Baptist Health Jacksonville Saves Time Through Better Standards Using dRofus

Founded in 1955, Baptist Health is ranked as the “most preferred” health care provider in Jacksonville, Florida. Baptist consists of five hospitals and the region’s only children’s hospital with 1,190 beds and multiple campuses and medical centers. They have more than 200 primary care and specialty physician practices, children’s specialty clinics, home health care, behavioral health, occupational health, rehabilitation services, and urgent care. Baptist currently has over 12,400 employees.

Where to begin?

When Matthew Bode AIA joined Baptist Health in 2019 as the System Dir. Of Planning & Design, he immediately realized the need to create centralized design standards. At the time, Baptist Health did not have a comprehensive approach to standardized design resources such as equipment standards or templated room layouts. Nor did they have a long-term solution for managing and sharing their documentation with design and construction teams. “As an architect, when there’s no information, you ask 1,000 questions. Now, as the owner, I’ll have 10 projects with 10 architects, each asking 1,000 questions, many of which are the same. I needed a way to just hand them everything.”

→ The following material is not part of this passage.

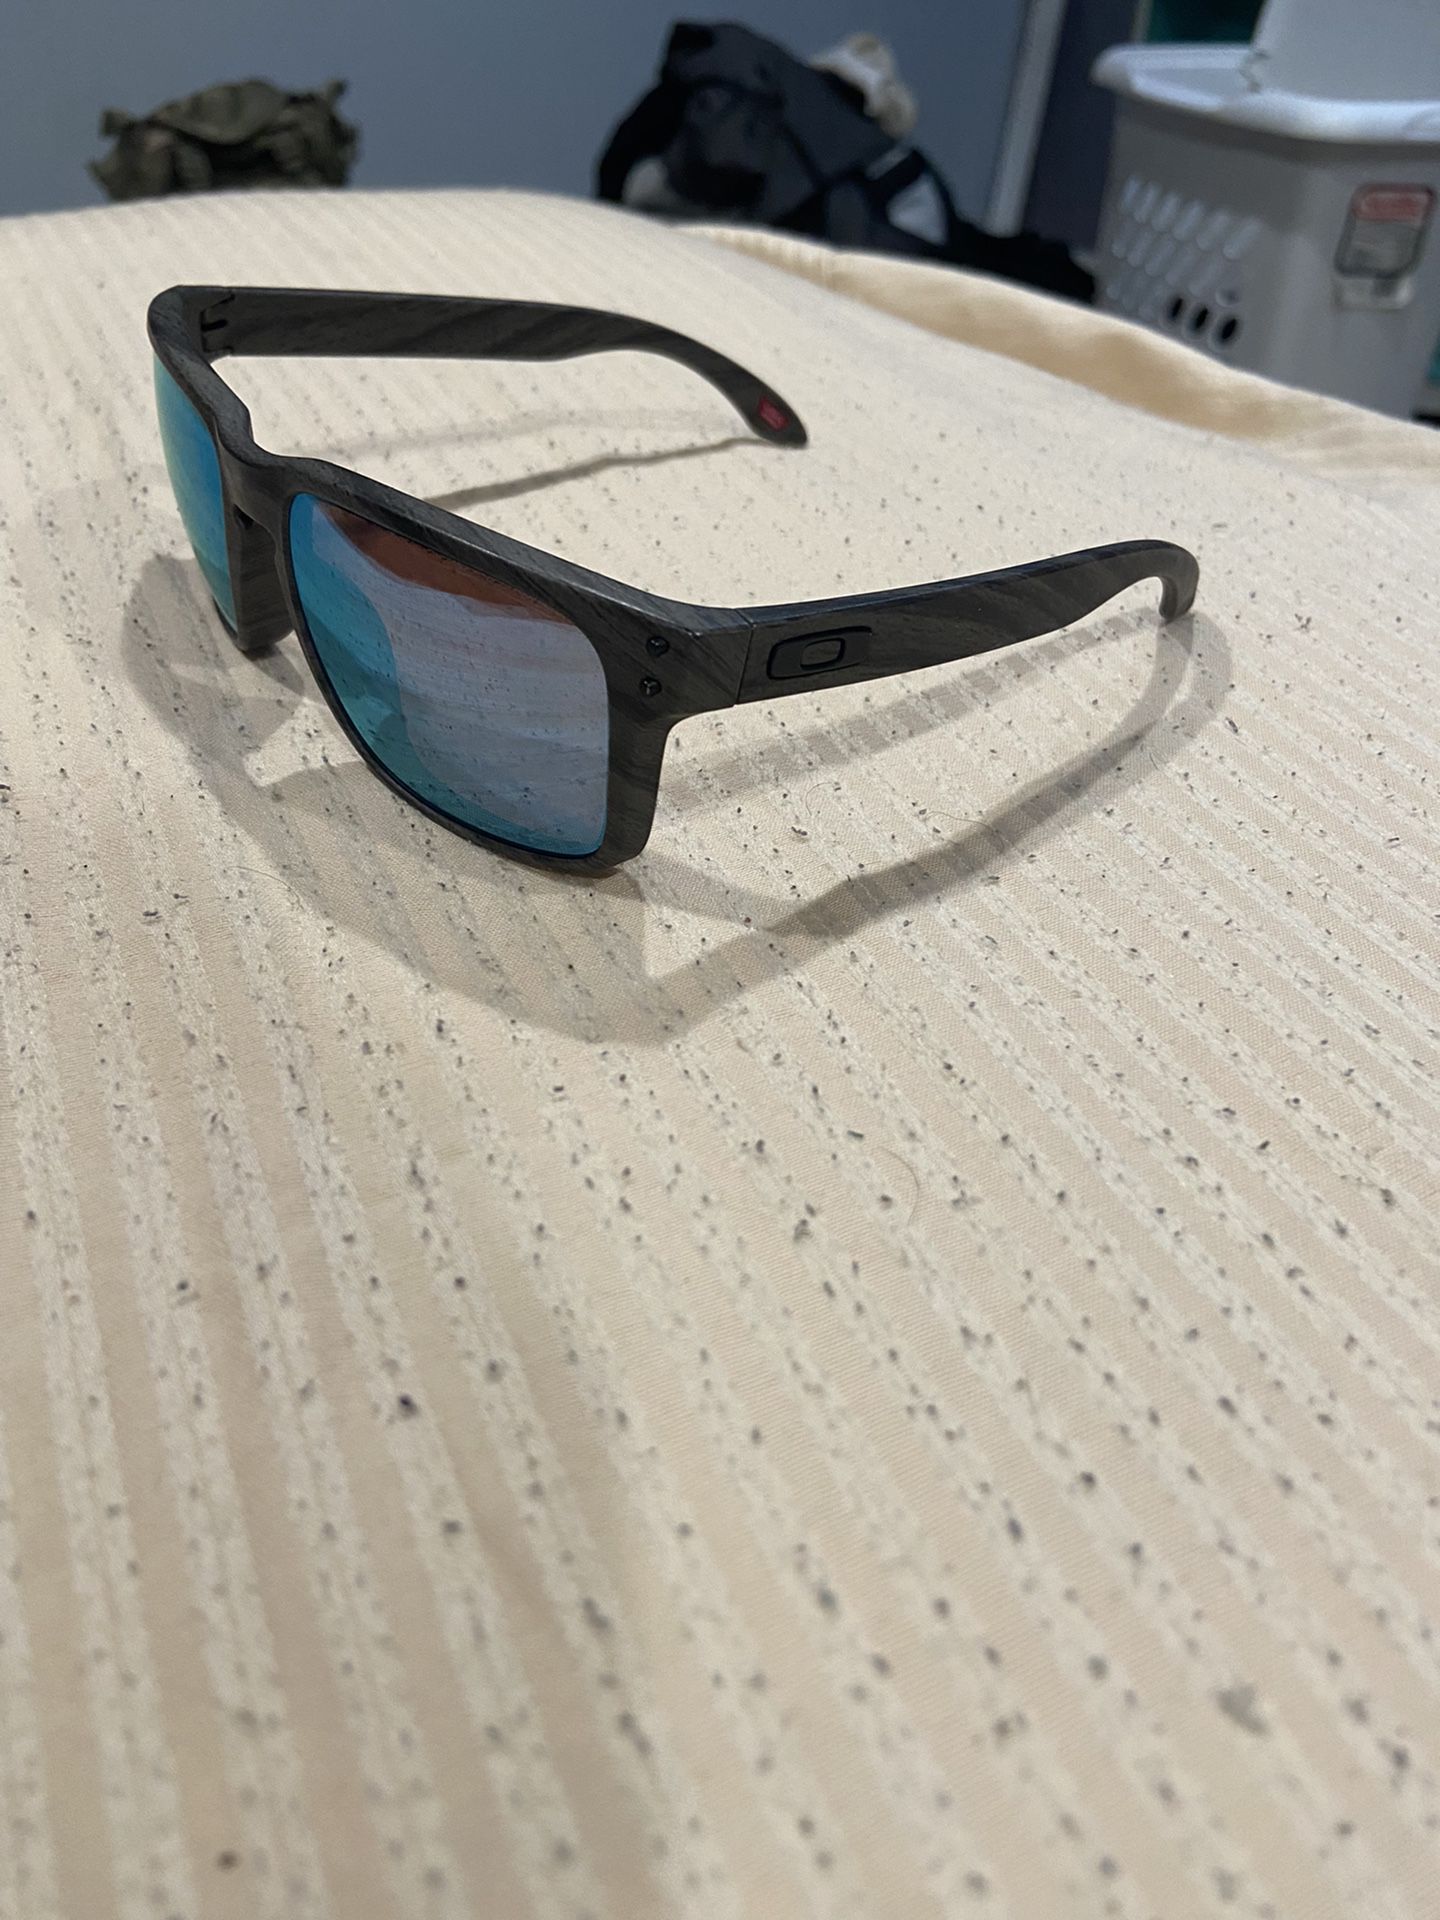 Oakley Sunglasses for Sale in Levittown, PA - OfferUp

In addition to providing valuable design resources to his consultants, Matt’s team is also responsible for doing feasibility studies, initial project planning, and equipment procurement. He was looking for a tool to help his team generate function programs, conceptual designs, and project budgets efficiently without the expense of hiring external architects or contractors prior to project approval. This meant any standards he created needed to be accessible and easy to use both internally and by consultants.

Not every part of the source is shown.